The Effect of Phosphorylation at Ser-40 on the Structure and Thermal Stability of Tyrosine Hydroxylase

Abstract

Several of the common multiprotein kinases phosphorylate one or more of these sites, and phosphorylation of Ser 31 and 40 is accompanied by significant enzyme activation in vitro . It has been proposed that activation of tyrosine hydroxylase (TH) by phosphorylation of Ser-40 is because of a conformational change that triggers the release of inhibitory catecholamines bound to the active site iron. The purpose of this chapter is to further investigate the conformational and stability changes induced by phosphorylation. Bovine adrenal TH (bTH) has been made isolated.
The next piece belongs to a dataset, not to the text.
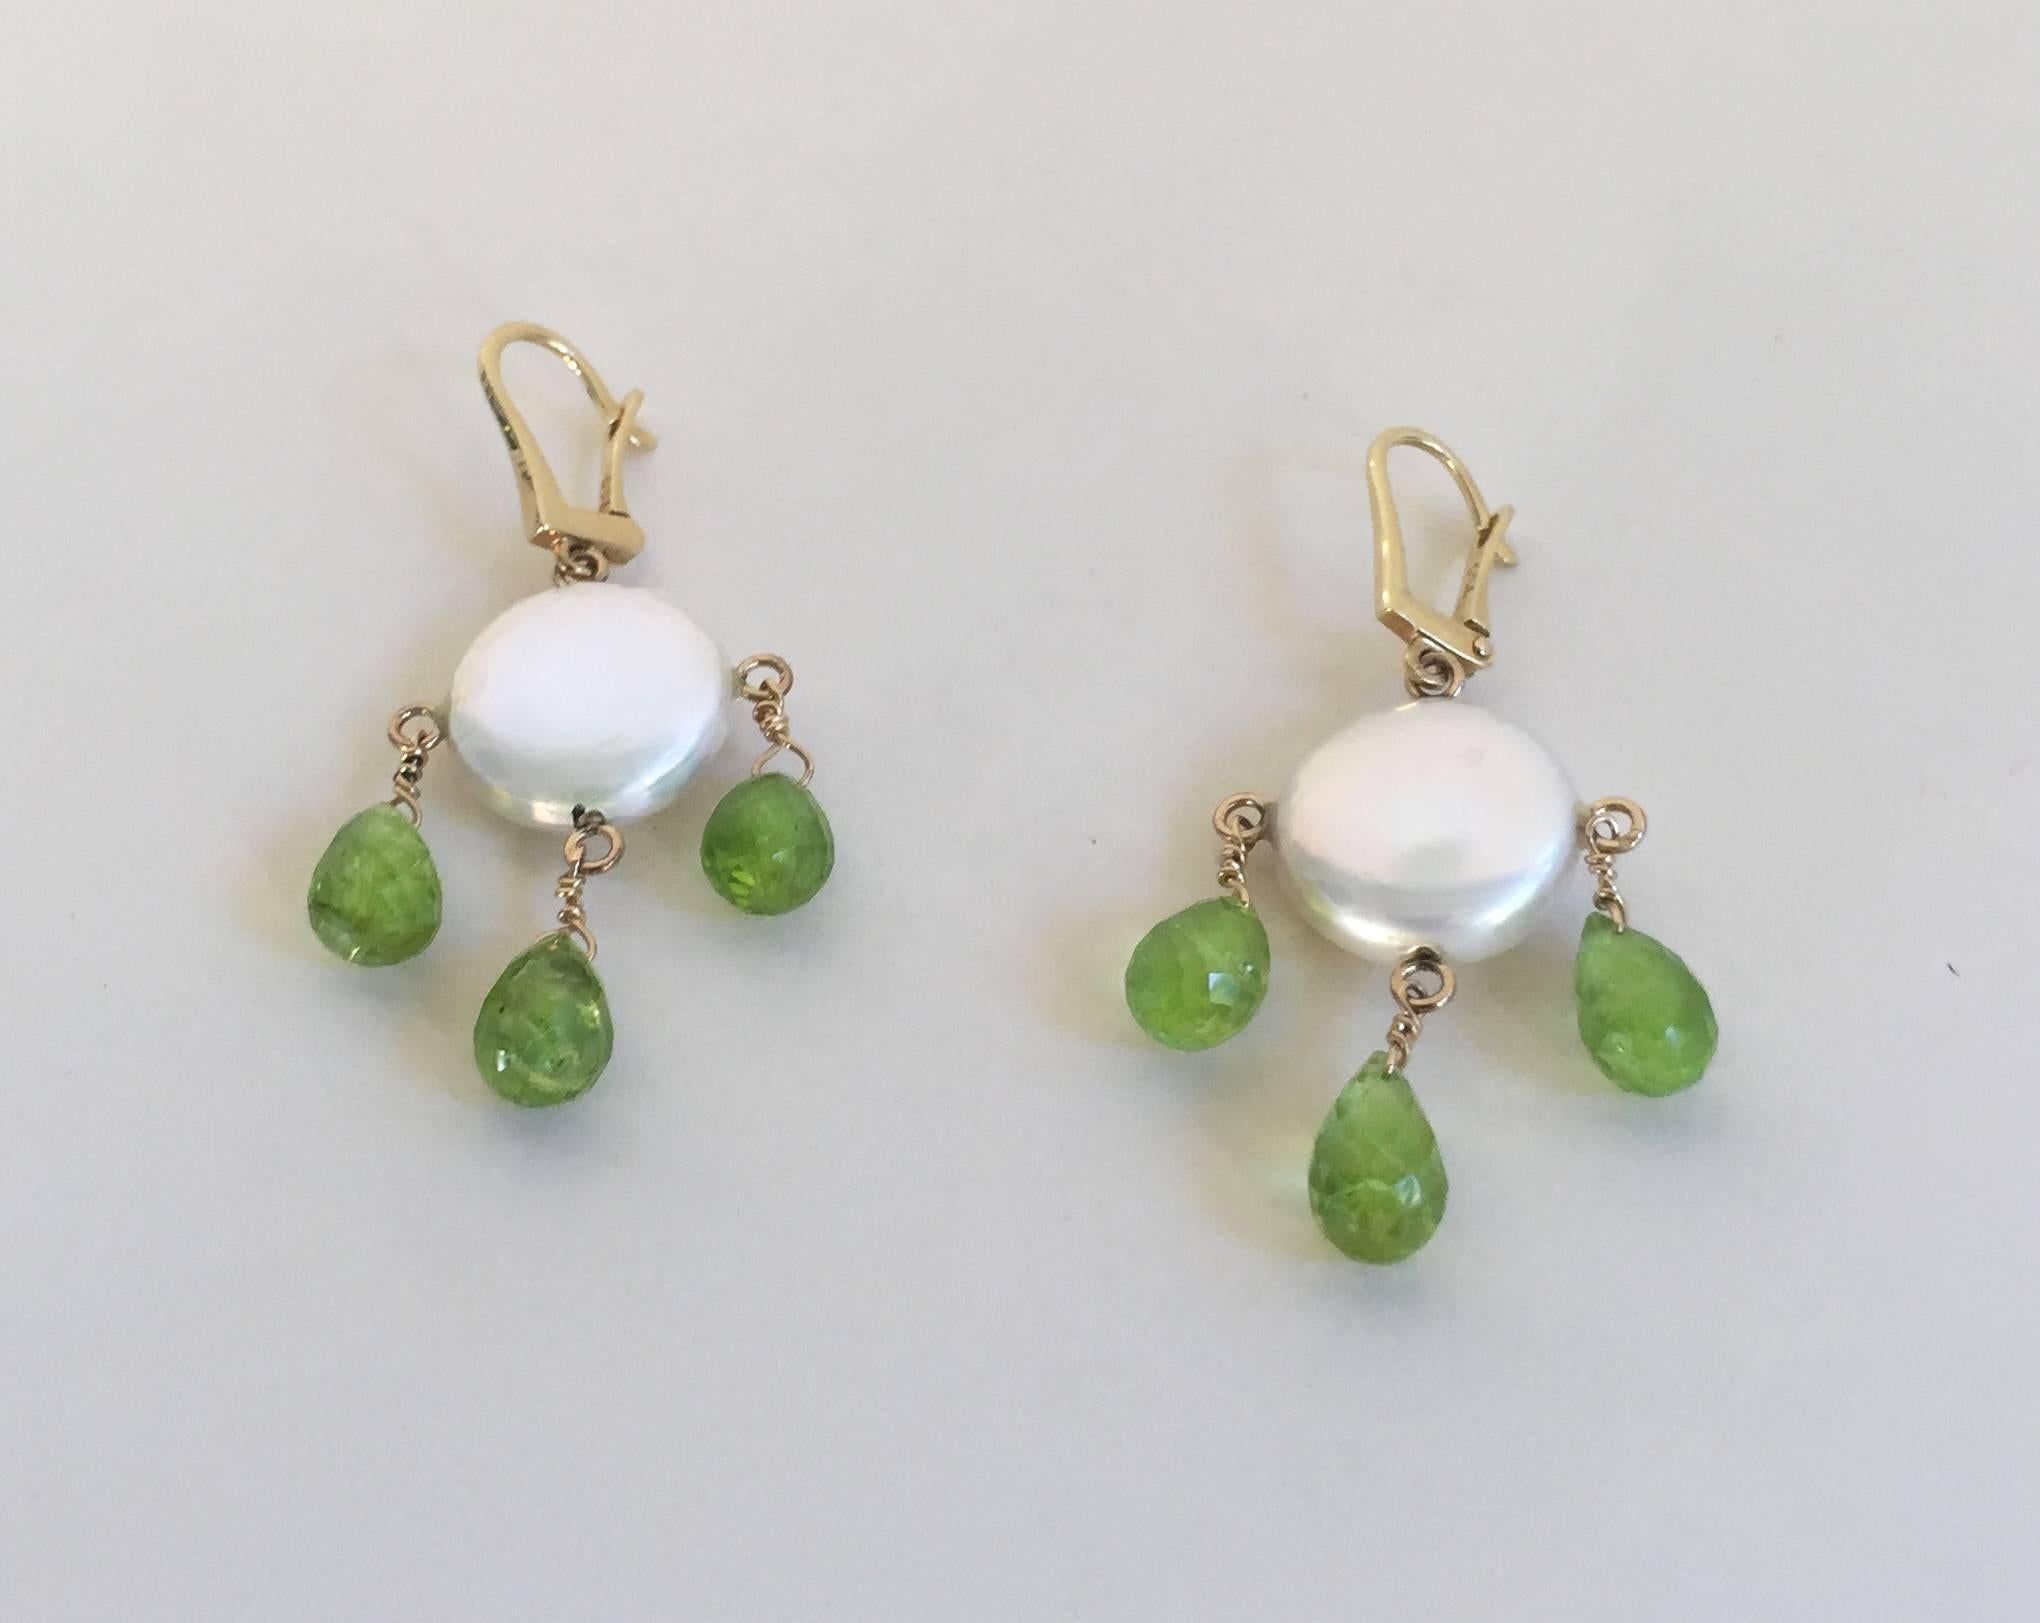 Women's Coin Pearl and Peridot Drop Earrings with 14 Karat Gold by Marina J

The spectroscopic properties of the enzymes were examined before and after phosphorylation of Ser-40 by the catalytic subunit of bovine heart cyclic AMP (cAMP)-dependent protein kinase (PKA). The temperature-induced changes observed in the amide I band of the samples are similar to those reported previously, that is, a loss of regular secondary substructures and the emergence of band components at 1618 and 1685 cm -1 , which have been assigned to hydrogen-bonded extended structures formed upon aggregation of thermally denatured proteins. Therefore, protein unfolding can be followed by the temperature dependence of the intensity ratio of the amide I band at 1618 cm -1 and 1650 cm -1 . Phosphorylation has an opposite effect on these proteins; it decreases T m , for bTH by 4°C, whereas it increases its value by 3°C for human TH (hTH)1.